Gaaah! Did you know the air inside your house can be like toxic soup — dust and bacteria from outside, formaldehyde, benzene, and other nasty chemicals can pollute the inside of your house.
The Environmental Protection Agency (EPA) Indoor air pollution has been ranked among the top 5 greatest health risks, and indoor stagnant air will build up and stick to everything inside your home.
One easy way to zap the indoor air pollution: Plants that can help rid your living space of some of the worst chemicals. Don’t have a green thumb? Don’t worry. It takes a lot of trying to kill these tough ten “NASA Approved” houseplants that clean the air:
1.) Spider Plant (Chlorophytum Comosum)
Great for beginners.
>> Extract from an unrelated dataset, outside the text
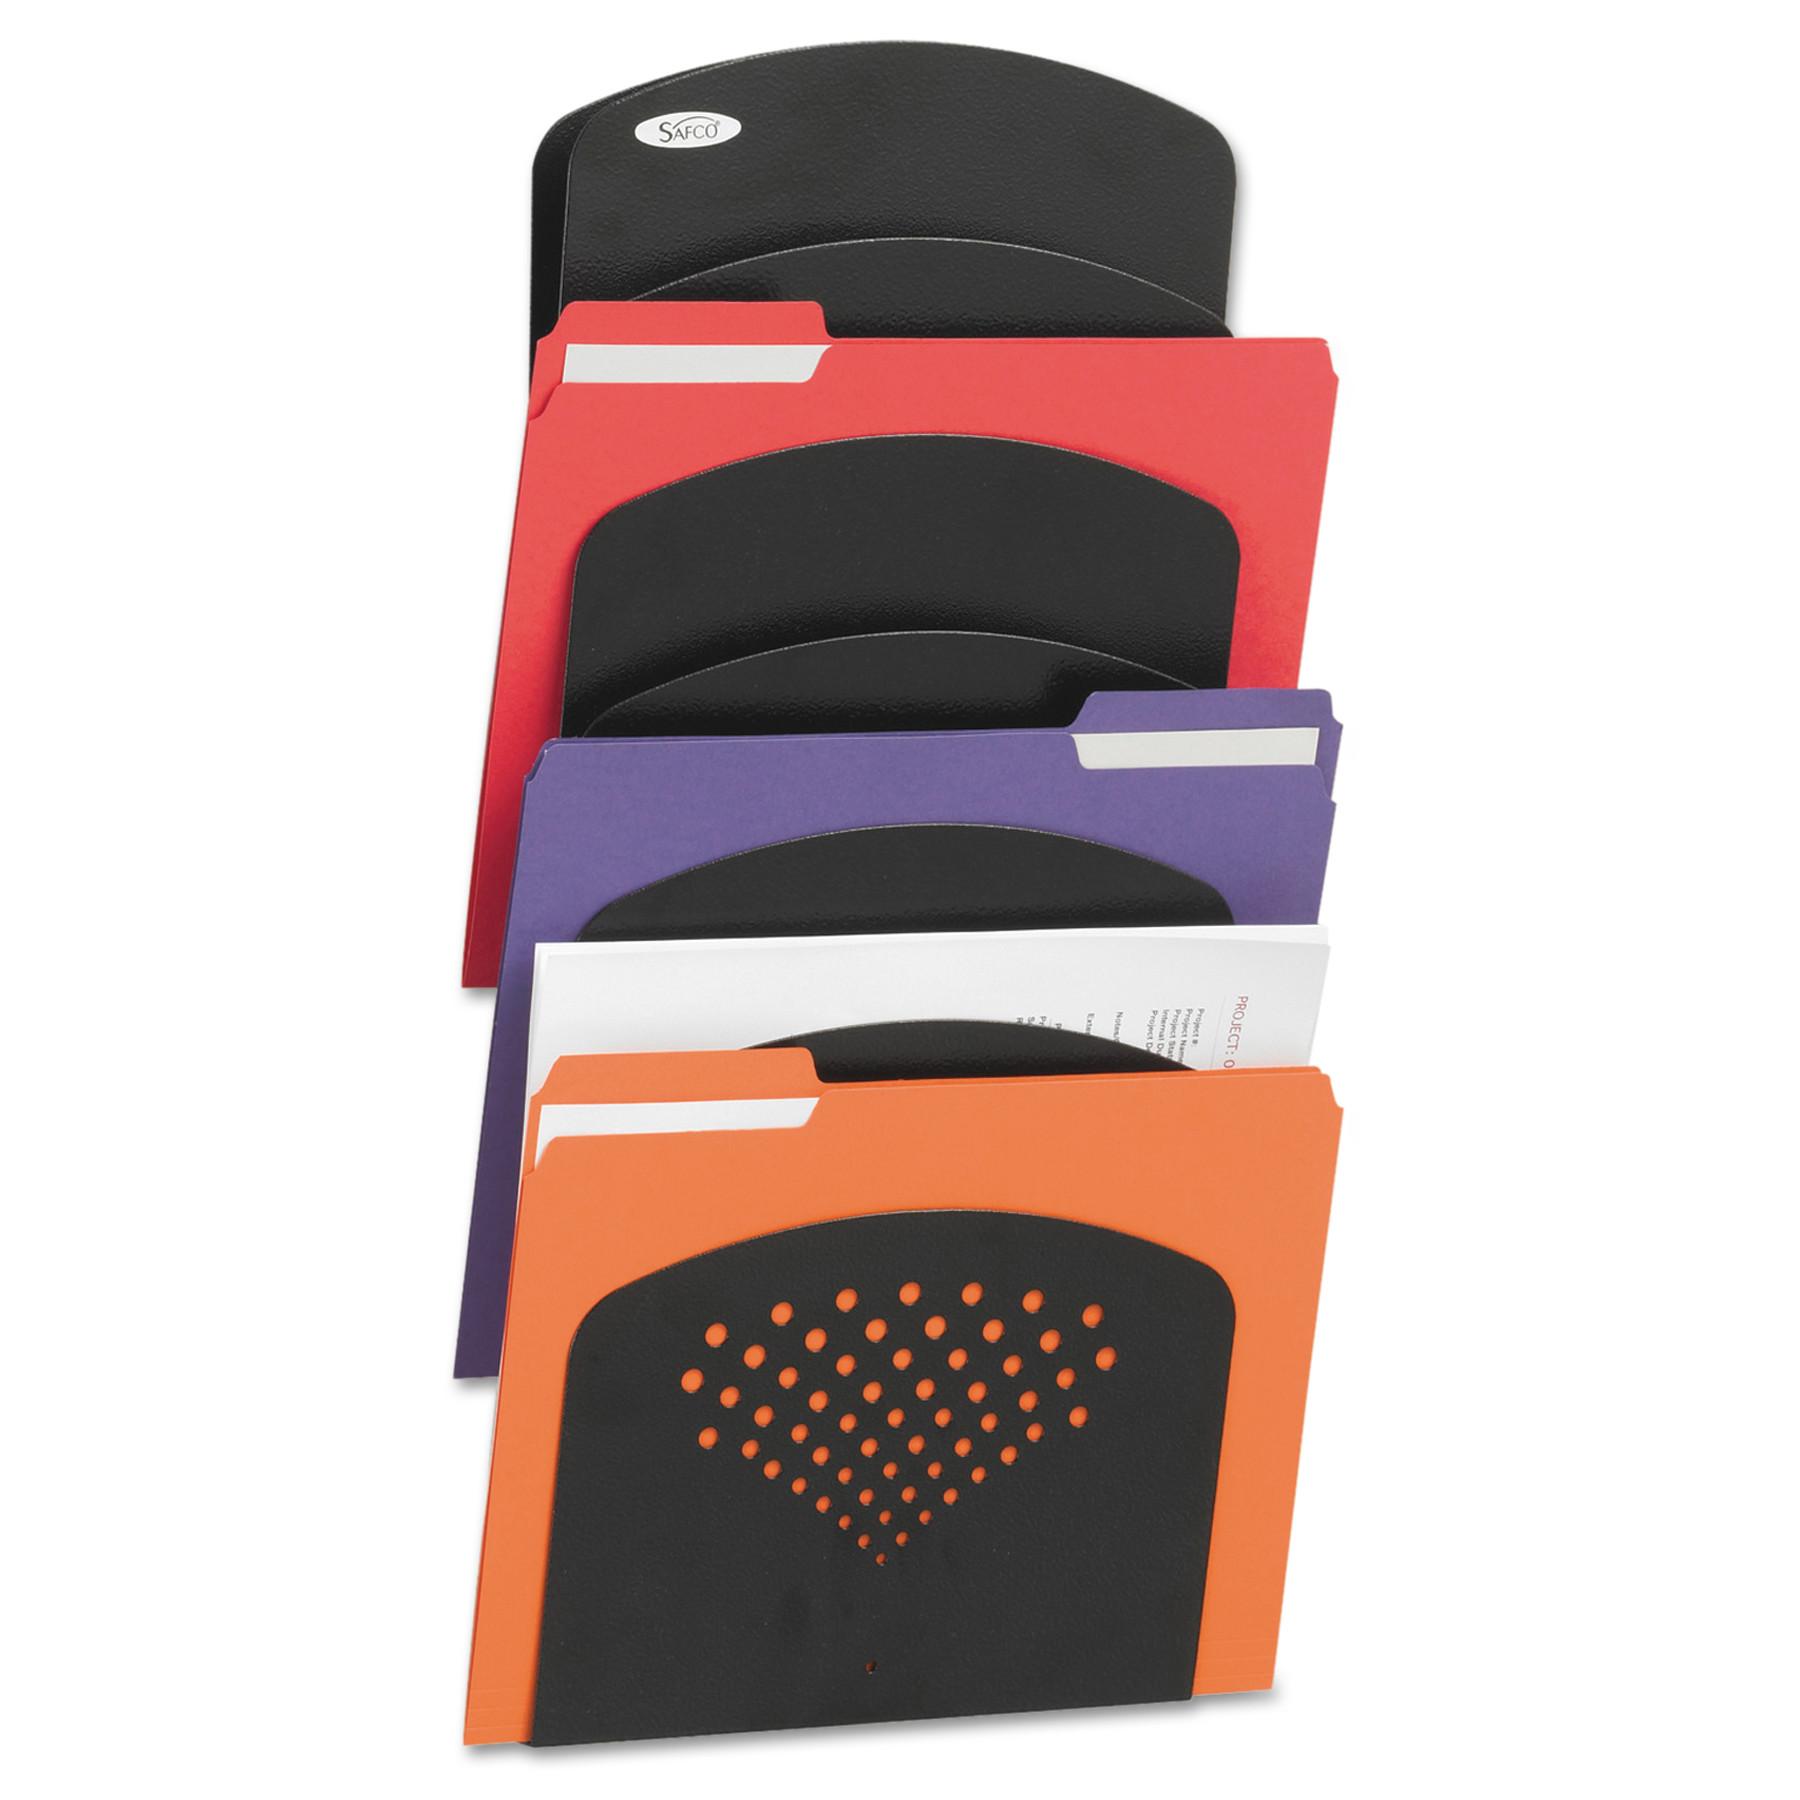 Safco Steel Wall Rack, Letter/Legal, Seven Pocket, Black, 91/2 x 2 x 21 3/4

Once the spider plant gets established, it will send out shoots with new plants. Before long, you’ll start giving them to friends. And more friends. And friends of friends…
Spider plants remove: benzene, formaldehyde, carbon monoxide, and xylene.
2.) Warneck Dracaena (Dracaena Deremensis ‘Warneckii’)
Also sometimes called a corn plant or umbrella plant, dracenas do well in places with low light. Careful, though — they’re poisonous to cats and dogs however, you can choose from over 40 different species.
Dracaena removes: benzene, formaldehyde, trichloroethylene, and xylene.
3.) Snake Plant (Sansevieria Trifasciata ‘Laurentii’)
Years ago, people called these “grandmother plants” because old ladies kept them in their windows. They’re incredibly tough — a friend once had one she left unwatered on an unheated porch with minimal soil. A year later it was still alive and kicking.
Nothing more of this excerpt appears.